During the failover process in Azure Database for MySQL, the system automatically switches from the primary server to the standby replica. This switch ensures continuity and minimizes downtime. When the system detects a failure, it promotes the standby replica to become the new primary server. The system applies the binary log files from the original primary server to the standby replica. This process synchronizes the standby replica with the last committed transaction and ensures no data loss. This seamless transition helps maintain high availability and reliability of the database service.

Note

To reduce failover time dependency on DNS caching, starting October 2025, all new high availability servers created with public access or private link adopt the new architecture featuring a dedicated SLB for each high availability server. By managing the MySQL data traffic path, SLB eliminates the need for DNS changes during failover and significantly improves failover performance. It redirects traffic to the current primary instance during failover by using load-balancing rules. Existing servers with public access or private link are migrating gradually to minimize impact. Customers who prefer early migration can disable and re-enable high availability. This feature isn't supported for servers using private access with VNet integration.

Planned: Forced failover

Azure Database for MySQL Flexible Server forced failover enables you to manually force a failover. This capability allows you to test the functionality with your application scenarios and helps you prepare for outages.

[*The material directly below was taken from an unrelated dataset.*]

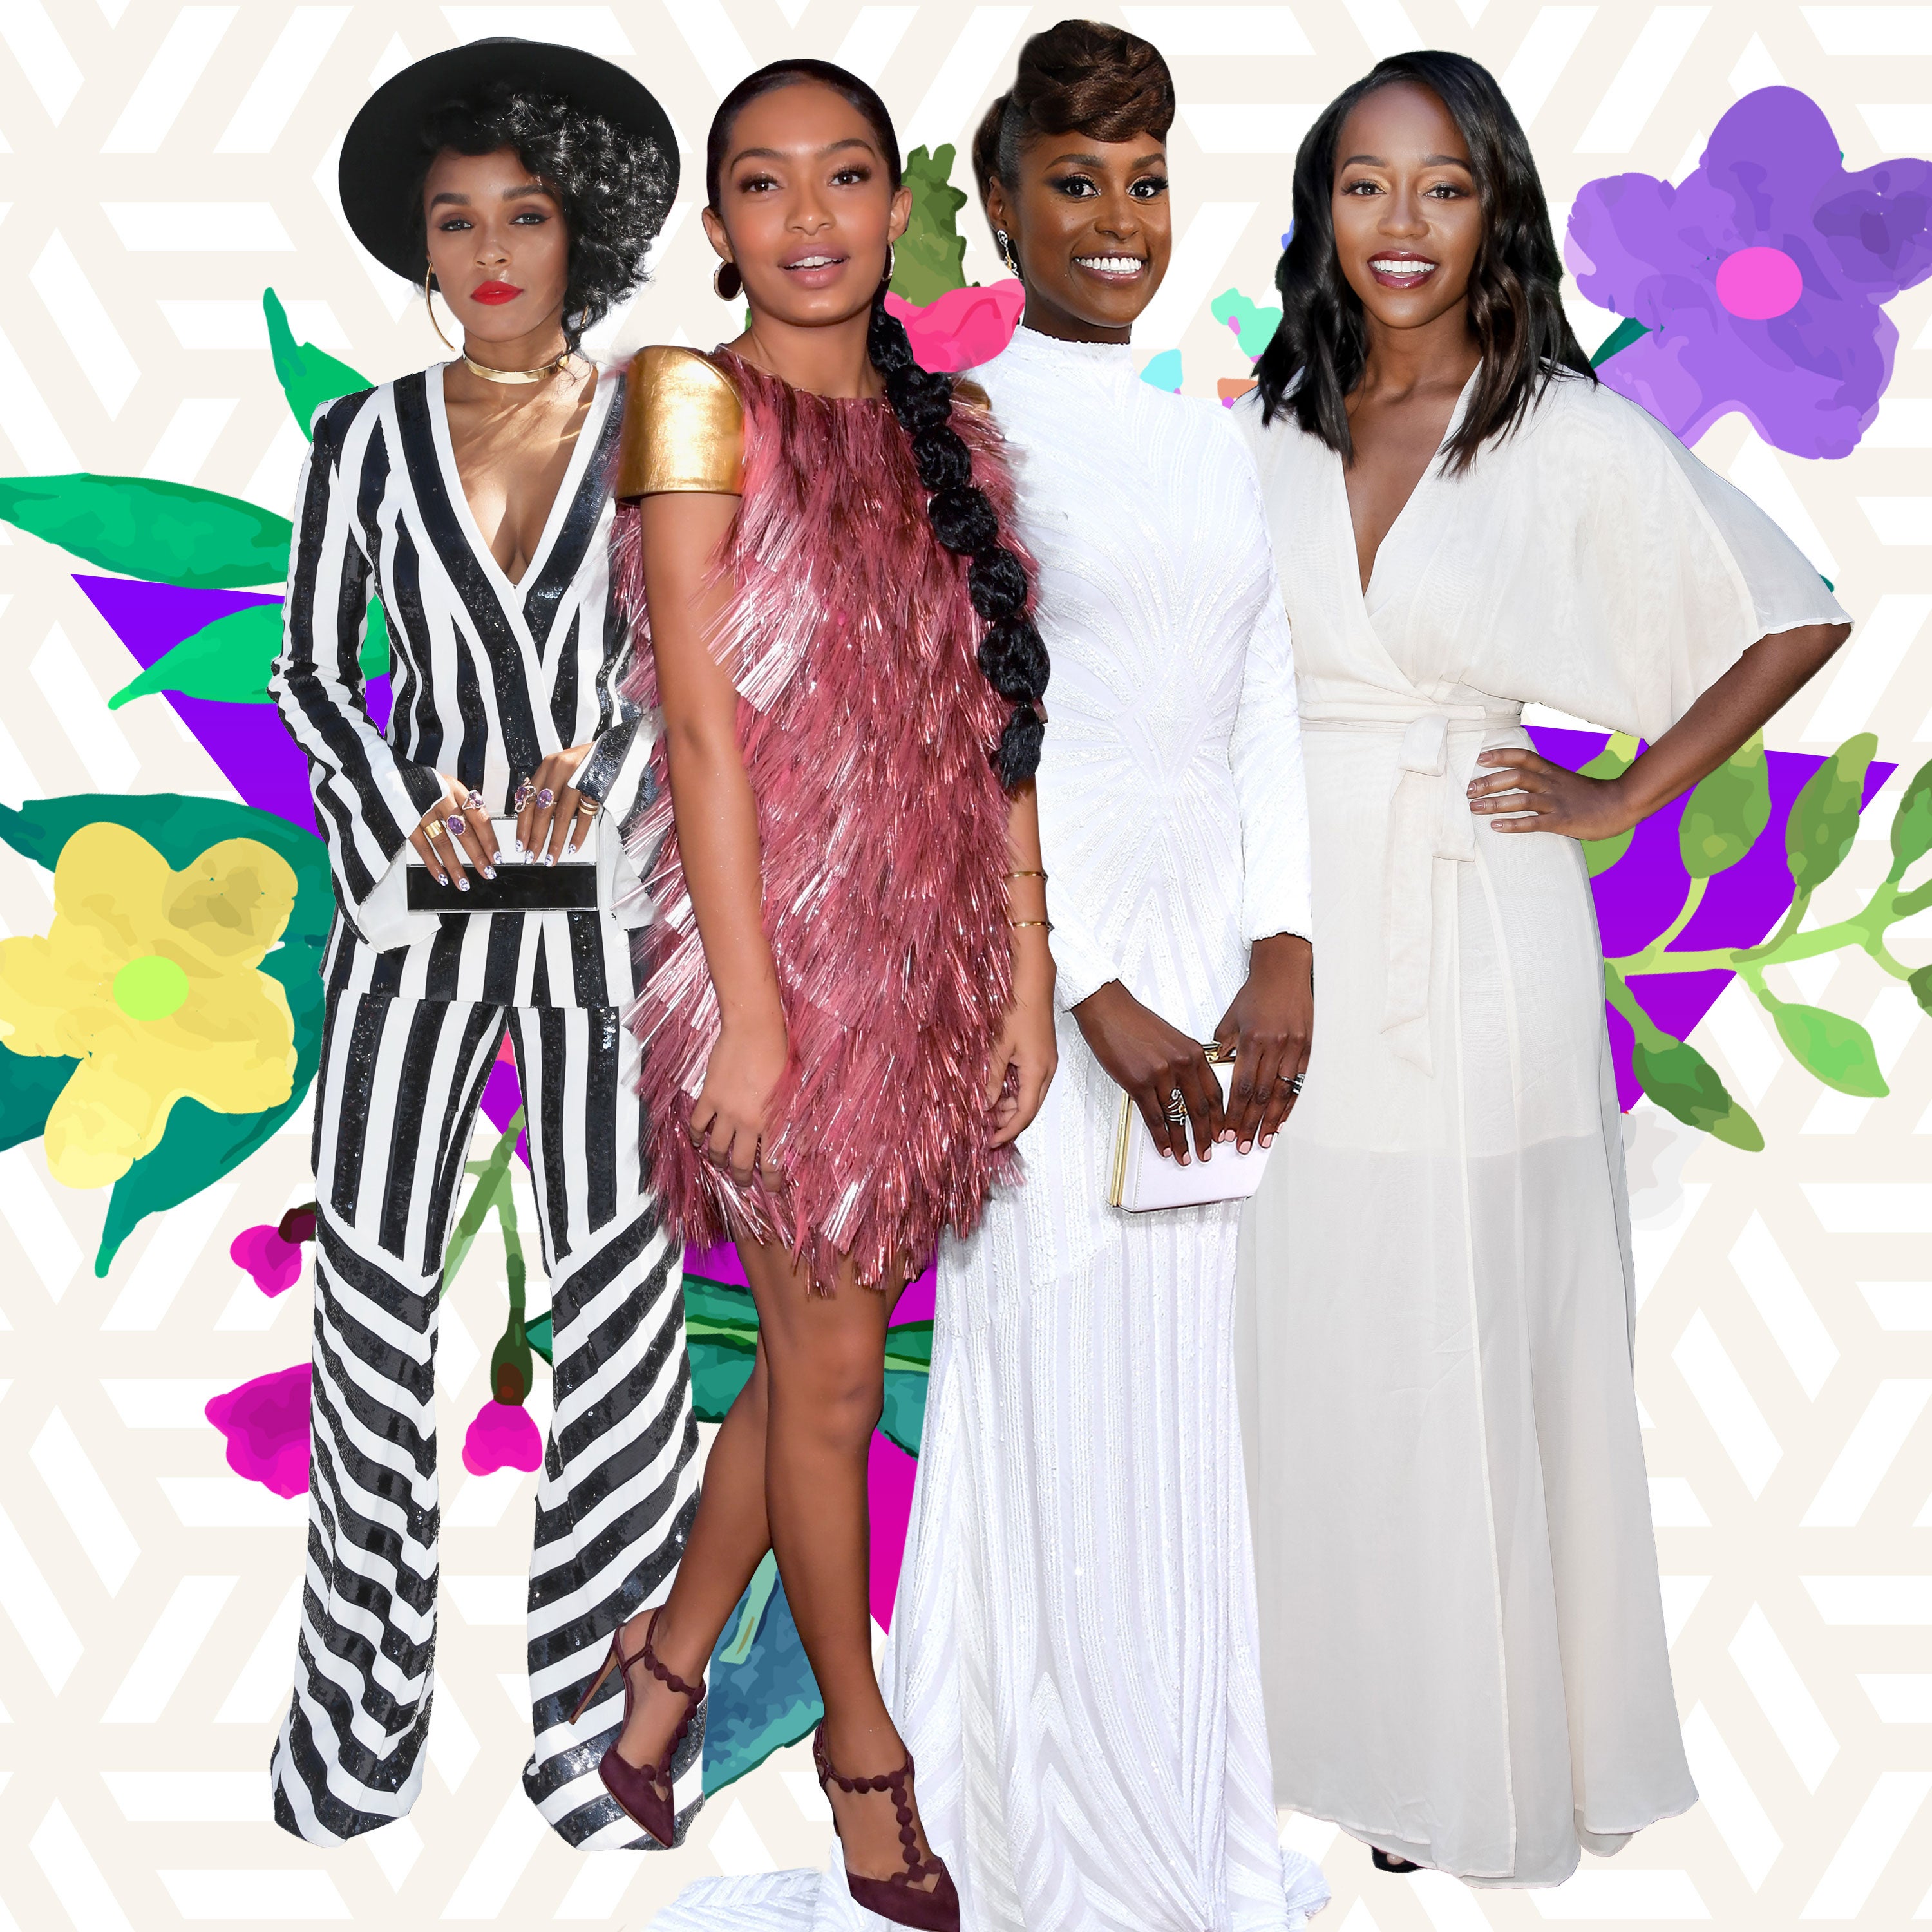 ESSENCE's 10th Annual Black Women in Hollywood Awards To Air On

Forced failover triggers a failover that activates the standby replica to become the primary server by using the same database server name and updating the DNS record. The original primary server restarts and switches to the standby replica. Client connections disconnect and need to reconnect to resume their operations.

The overall failover time depends on the current workload and the last checkpoint. In general, it takes between 60 and 120 seconds.

Note

An Azure Resource Health event is generated during a planned failover. The event represents the failover time during which the server is unavailable. You can see the triggered events when selected on Resource Health in the left pane. The status represents user-initiated or manual failover as Unavailable and tagged as Planned. For example, A failover operation was triggered by an authorized user (Planned). If your resource remains in this state for an extended period, open a support ticket and we assist you.

Unplanned: Automatic failover

Unplanned service downtime can occur due to software bugs or infrastructure faults, such as compute, network, or storage failures. Power outages can also affect the availability of the database. If the database becomes unavailable, replication to the standby replica stops, and the standby replica becomes the primary database. DNS updates occur, and clients reconnect to the database server, resuming their operations.

The overall failover time is usually between 60 and 120 seconds. However, depending on the activity in the primary database server at the time of the failover (such as large transactions and recovery time), the failover might take longer.

Note

An unplanned failover generates a Resource Health event. The event represents the failover time when the server is unavailable. You can see the triggered events when you select Resource Health in the left pane. Automatic failover shows a status of Unavailable and is tagged as Unplanned.

For example, Unavailable: A failover operation was triggered automatically (Unplanned). If your resource stays in this state for a long time, open a support ticket and we help you.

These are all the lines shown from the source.